What a fascinating discussion. It makes me reconsider a key scene in my own work, when my protag faces a reversal. I shall now have to go back and see if I cant "process" the emotion a little more for the reader.
I do agree that there is some sort of confusion over terms. I haven't read the book, but I did read the linked article, and it seemed to me that what he was explaning in the bulk of the article didn't match exactly the writing exercise at the end. Someone please correct me if I got it wrong, but it seemed as if his larger point was that emotional scenes carry greater weight for the reader if you devote some space (about a paragraph, he said) to describing the emotional reaction of the character in various ways (how it feels to feel the emotion, what physical symptoms might appear, what elements in the environment might draw the attention of the character as a result of this emotion, etc.). He says that this goes against the grain of contemporary writing because it's "telling", and not "showing". If I understand this correctly, the goal is to help the reader arrive at a deeper understanding of the character's emotion than the character themself may get. His example was a child character, experiencing maturity for the first time, who doesn't necessarily understand what he is going through, or where this will eventually lead. But the reader does.

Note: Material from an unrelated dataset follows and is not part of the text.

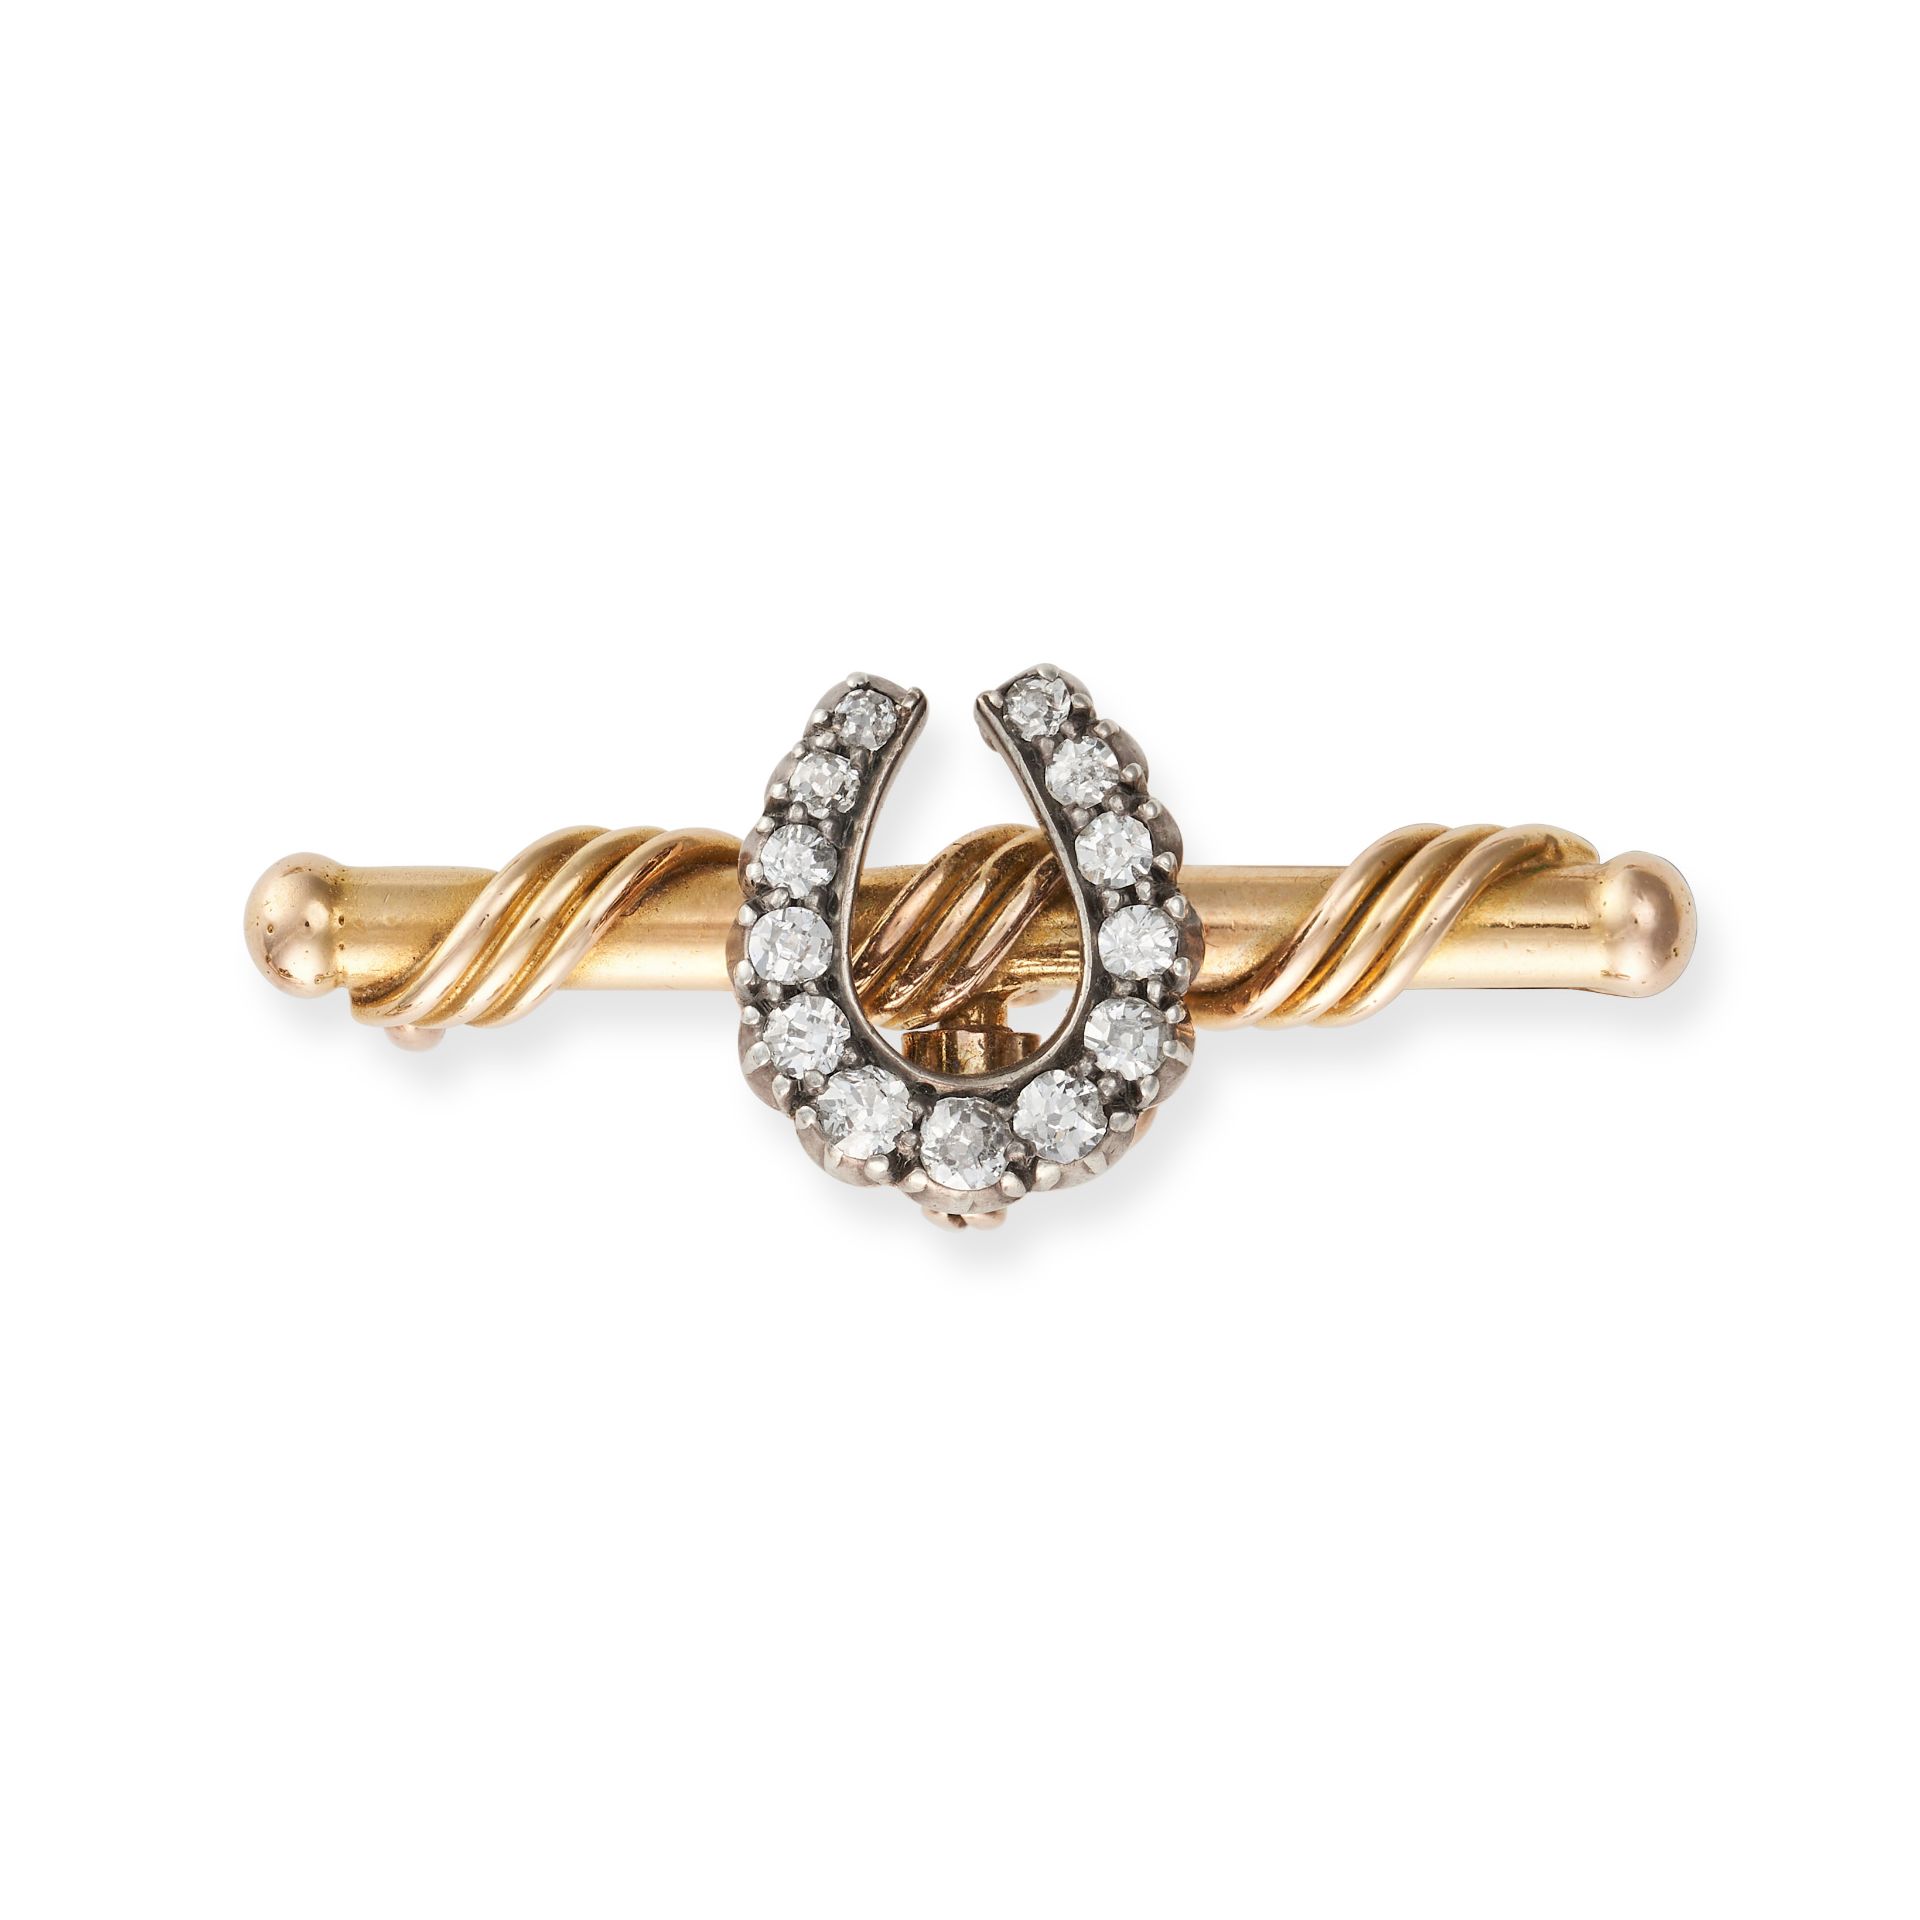 AN ANTIQUE DIAMOND HORSESHOE BAR BROOCH designed as a horseshoe set with old cut diamonds, on a t...

That connects to the other point, which is that what the reader feels is not the same as what the character (or the author, for that matter) feels, and we have to do some extra work to get the reader to feel something. The kicker to this thought is that the goal is not necessarily to influence the reader to experience the same emotion that the character is going through (because that's impossible) but to feel their own reaction to the writing instead (most of us are not children, so we probably can't recapture the experience of growing up anymore). That's ok, because the goal isn't to perfectly transport the reader into the life experience of a child, but to cause the reader to feel an emotional response to the experience of a child. That may be something more akin to a kind of bittersweet nostalgia.
Where I'm a little confused is exactly where the phrase "third level emotion" fits in to all this. Maybe it doesn't matter--the point may simply be that direct, raw emotion on the part of a character can, through skilled writing techniques, become transormed into a more nuanced understanding on the part of the reader.
Is that about what other's got out of it?